| It's a way of reducing the bookkeeping needed when dividing
a polynomial by another (perhaps restricted to dividing by a
monic first degree polynomial, i.e., x +/- something. I only
know of it with this restriction).
x^2 - x + 3 remainder -1
--------------------
x - 2 |x^3 - 3x^2 + 5x - 7
x^3 - 2x^2
----------
- x^2 + 5x
- x^2 + 2x
-----------
3x - 7
3x - 6
------
- 1
That was "long division." This is "synthetic division":
1 -1 3 remainder -1 ==> x^2 - x + 3 remainder -1
------------
2 | 1 -3 5 -7
2
--
-1 -2
--
3 6
--
-1
where the result of the addition is just brought up to be the
coefficient of the answer, and is then multiplied by the "2"
and added to the next term. I'm in a hurry so I'll skip the
explanation :-) and answer any questions tomorrow.
Dan
|
| Just a side note. What makes synthetic division unique to division
by polynomials of the form x-a, is the fact that the division can be done
in three rows as follows:
Divide x^4 - x^3 - 10x^2 + 15x +2 by x-2
this can be written as
1 -1 -10 15 2
2 2 2 -16 -2
----------------------
|
1 1 -8 -1 | 0 2 is a factor of the divisor.
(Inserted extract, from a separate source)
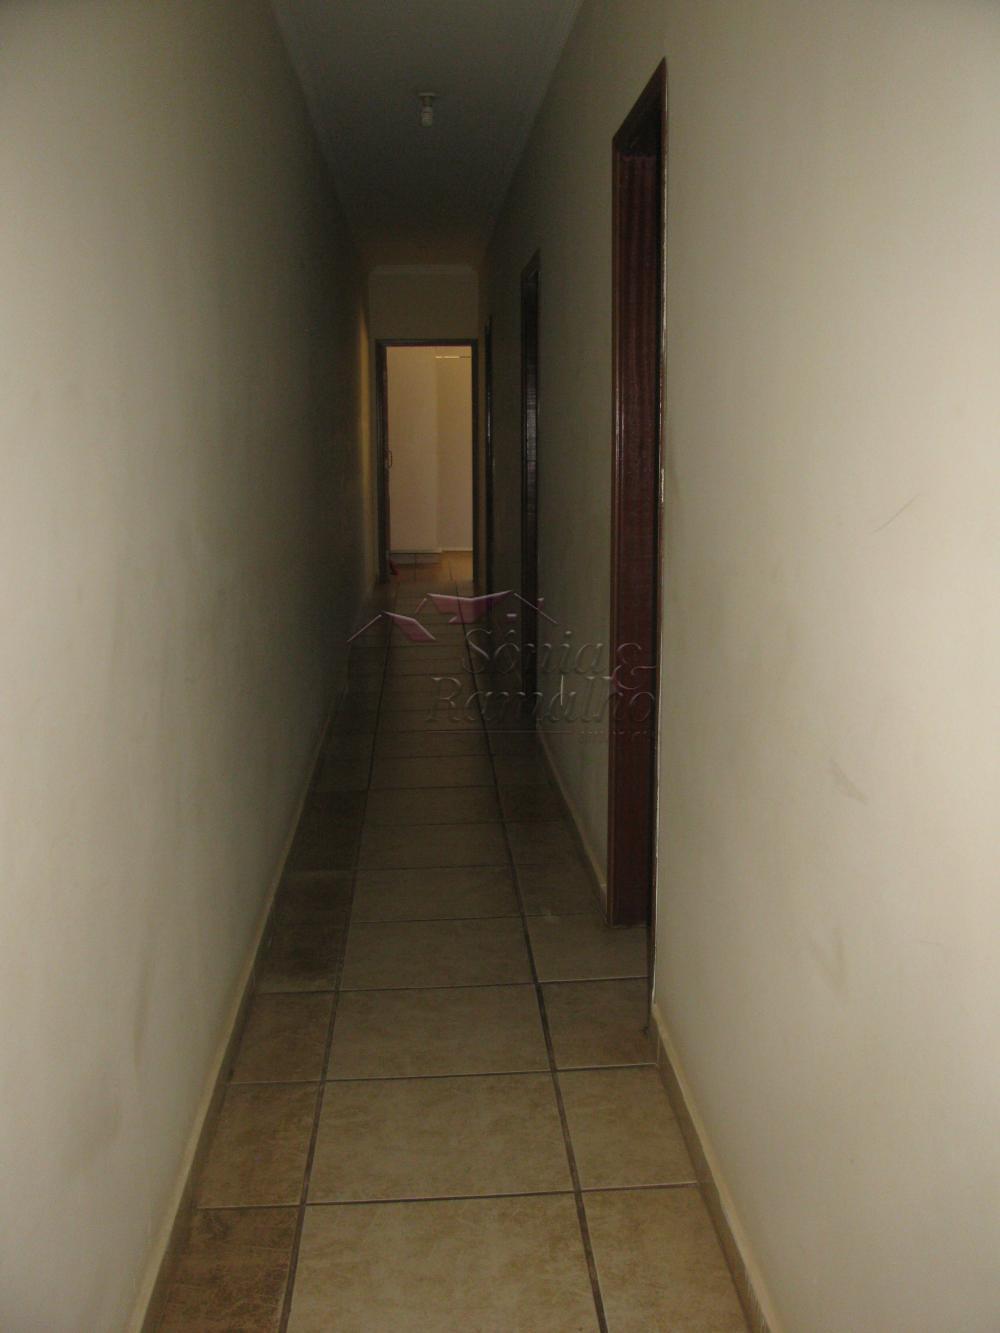 Comprar Casas / Padrão em Ribeirão Preto apenas R$ 400.000,00 - Foto 5

In this method you start from the left, carry down the 1, then multiply by
the factor which is 2, and add. now take the result and mutiply by the factor
and add to the next entry. Continue, the last digit is the remainder, the
remainder is a fraction r/(x-f) . f is the factor and r is the remainder.
TOM.
|
| re .2,
Aha, now I remember! :-) Thanks.
In .1 I only got rid of the x's and pointed out that certain
numbers were copied from here to there. The real method as
in .2 goes further and only shows that "copied" value once,
putting it where it is to be used.
Redoing that example, Divide x^4 - x^3 - 10x^2 + 15x +2 by x-2
Set up the coefficients
1 -1 -10 15 2
and the value "a" -- remember you are dividing by x-a, not x+a
1 -1 -10 15 2
2
Now put in the horizontal line
1 -1 -10 15 2
2
----------------------
Okay, we bring down the 1 ... well, actually we are adding
it to the implied zero beneath it ...
1 -1 -10 15 2
2
----------------------
1
Now, multiply that last "sum" by the "a" value (here, 2) and
put it where it will be added in the next step
1 -1 -10 15 2
2 2
----------------------
1
Okay, do the addition again (the first addition was with the
implied zero)
1 -1 -10 15 2
2 2
----------------------
1 1
Now keep repeating that multiplication of the last sum by a,
writing it under the next term, adding them and putting the
sum under the line ...
1 -1 -10 15 2 1 -1 -10 15 2
2 2 2 2 2 2 -16
---------------------- ==> ---------------------- ==>
1 1 -8 1 1 -8 -1
1 -1 -10 15 2 1 -1 -10 15 2
2 2 2 -16 -2 2 2 2 -16 -2
---------------------- or ----------------------
1 1 -8 -1 0 1 1 -8 -1 | 0
The result is x^3 + x^2 - 8x -1 with a remainder of 0.
Dan
P.S. The remainder when dividing by x-a is the value of the
polynomial when x = a.
|